Misspecification of the generation time distribution and its impact on Rt estimates in structured populations

TL;DR

This paper examines how assuming a uniform generation time distribution across populations can bias Rt estimates and proposes methods to account for population structure, improving epidemic tracking accuracy.

Contribution

It introduces a framework to select appropriate generation time distributions for structured populations and compares single-group versus multi-group Rt inference models.

Findings

Structured populations can significantly bias Rt estimates if not properly modeled.

A methodology is proposed to choose generation time distributions that reflect population heterogeneity.
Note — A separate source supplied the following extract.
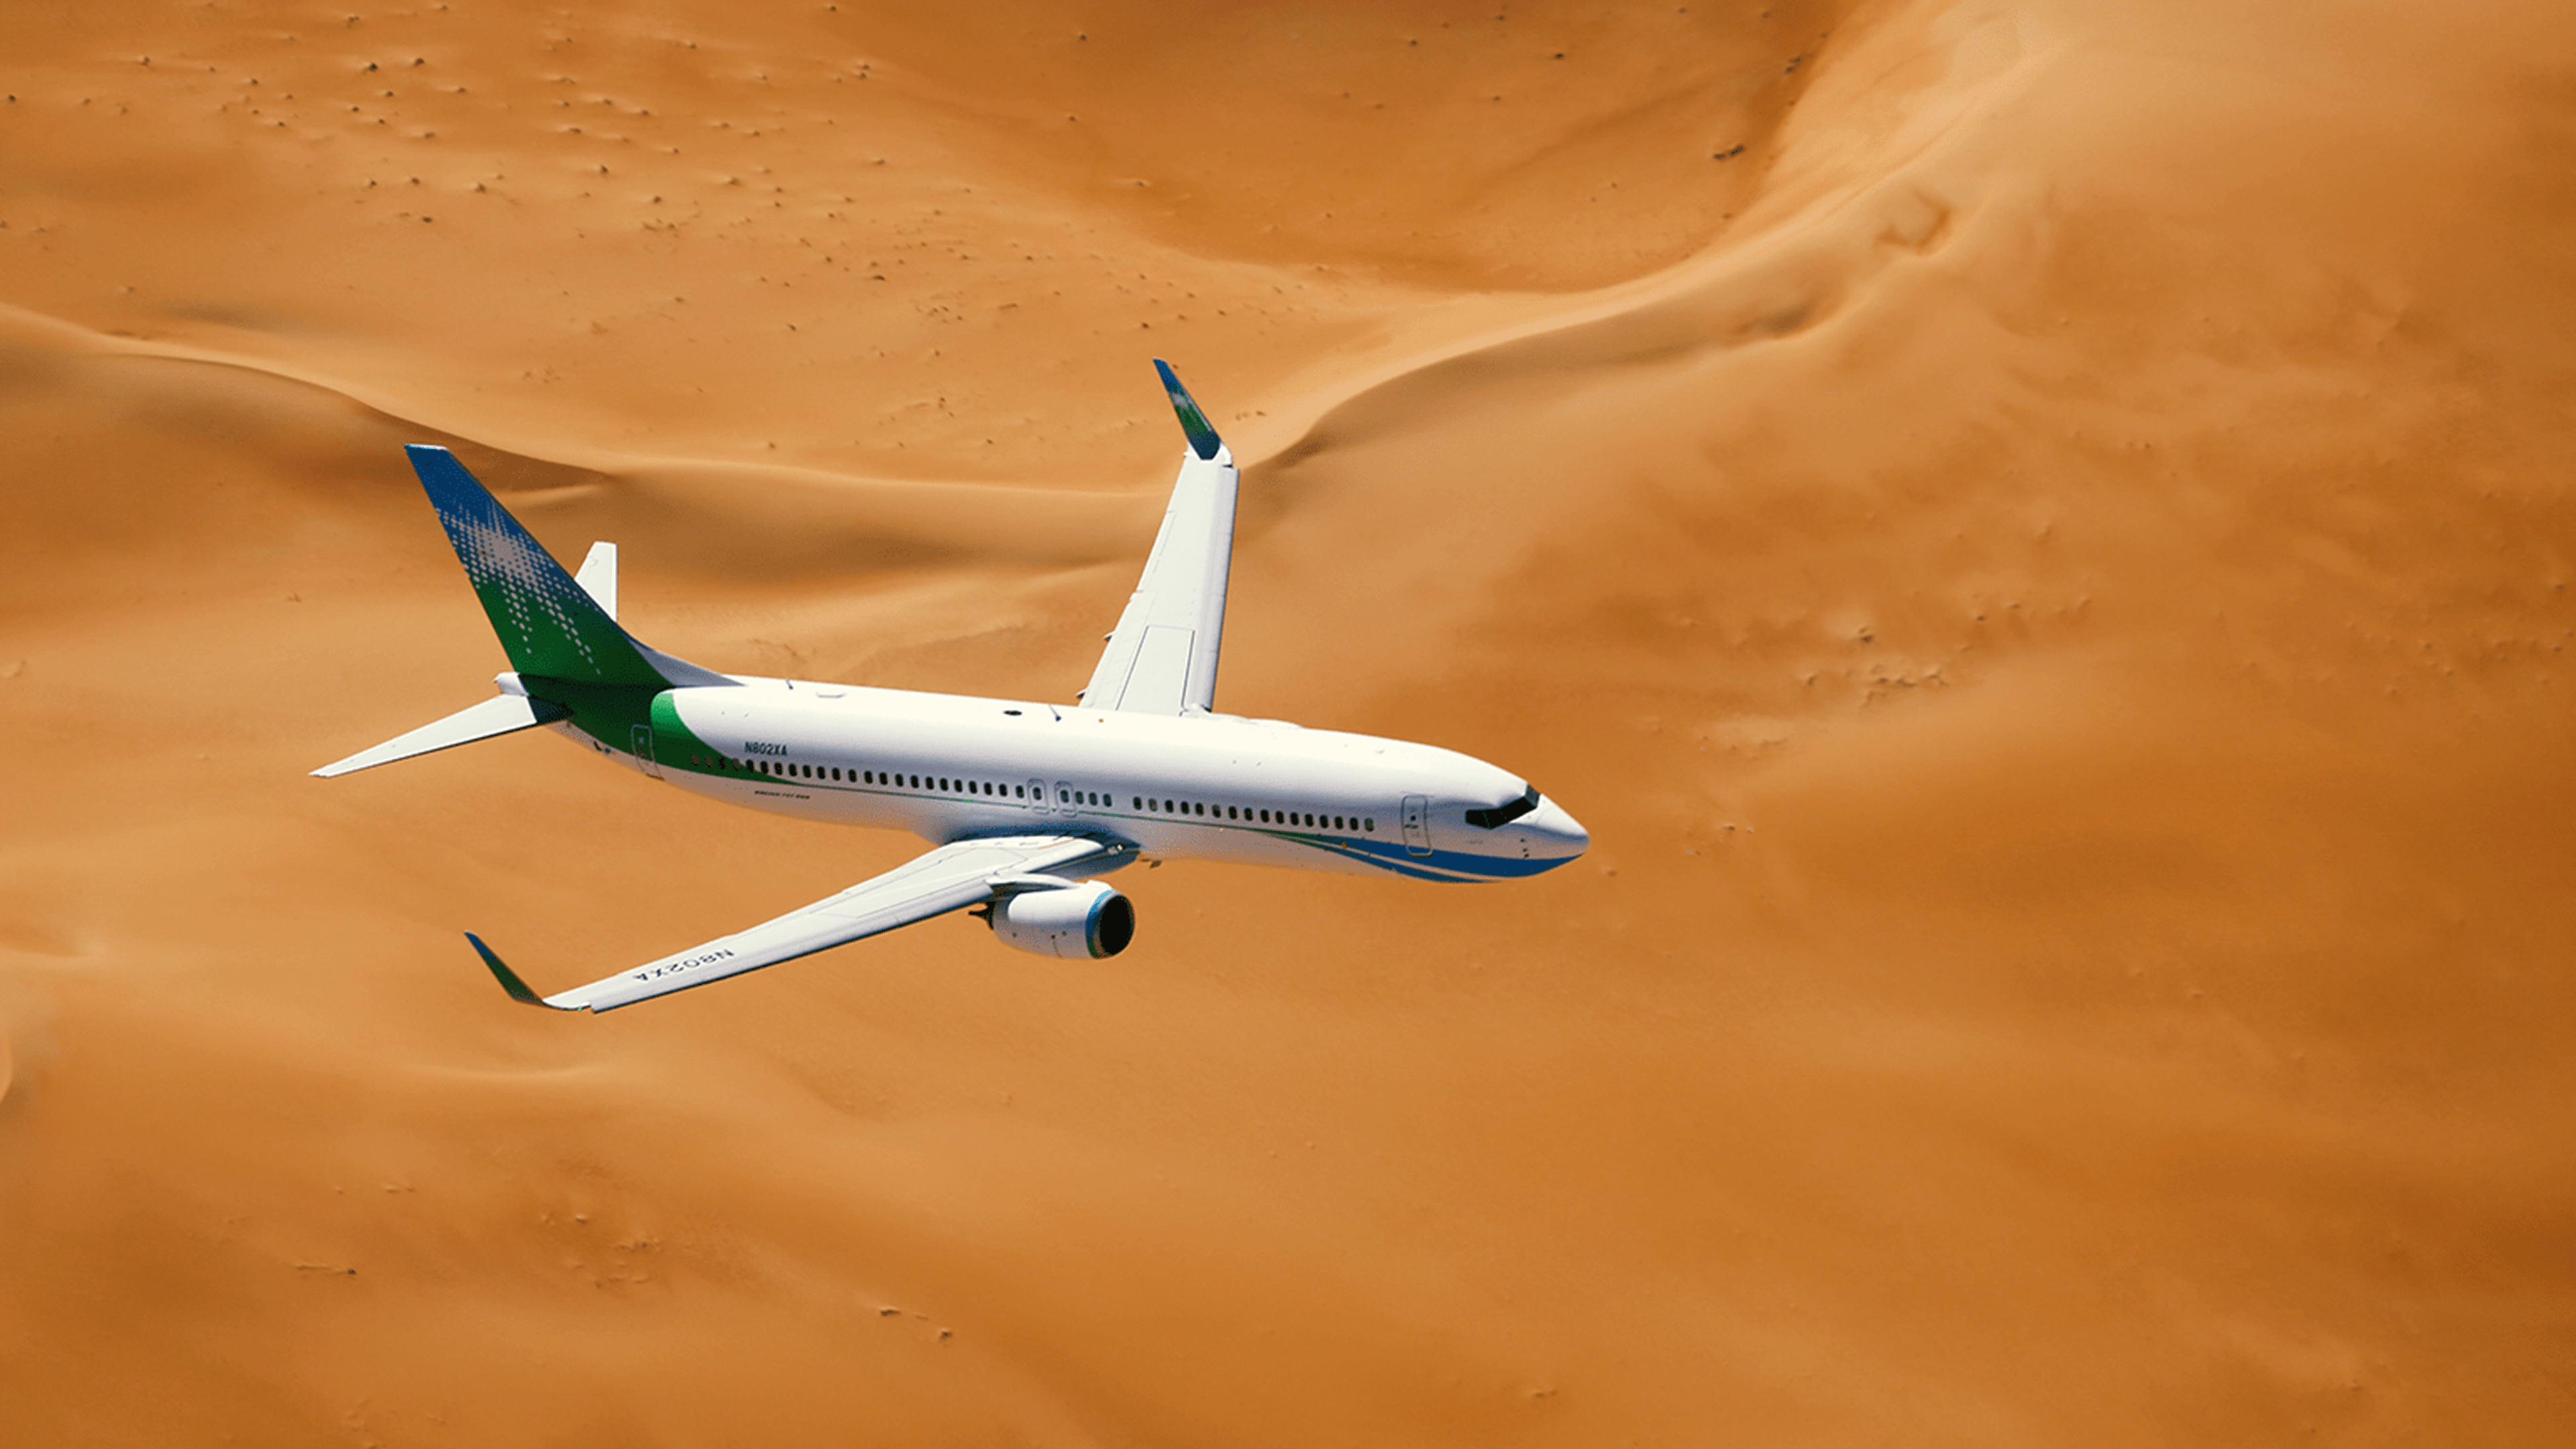 Saudi Aramco (Mukamalah) airplane flying through the sandy Arabian golden desert

Real epidemic data shows differences in Rt estimates depending on model choice.

Abstract

Due to its ability to summarise 'real-time' epidemic behaviour, the time-dependent reproduction number, Rt, is a useful metric for tracking pathogen transmission and quantifying the effects of interventions during infectious disease outbreaks. The predominant models underlying inferred Rt trajectories are renewal equations, their success owing in part to the relatively few assumptions they require. One necessary assumption is the generation time distribution, which summarises the time periods between infections in infector-infectee transmission pairs. This distribution is typically assumed to be the same across all members of a population. In reality, however, it may vary systematically between population groups. In this study, we consider two Rt inference frameworks based on renewal equation models: one for a single, homogeneous group and another accounting for a structured population. We compare the estimates of Rt generated by the two models and investigate, both analytically and through simulations, under which conditions the conclusions drawn from these modelling paradigms differ. We also demonstrate a methodology for selecting the generation time for the one-group model that correctly encapsulates variations between different population groups; this allows us to use a renewal framework for a one-group model to infer Rt when, in fact, the population is structured. Finally, we use real epidemic data to demonstrate that practical Rt estimates can differ depending on whether the underlying model is the one-group model or the multi-group model. Our results motivate the need for rigorous collection of detailed epidemic data and consideration of differences between population groups to improve the accuracy of Rt estimates that are used to guide public health policy responses.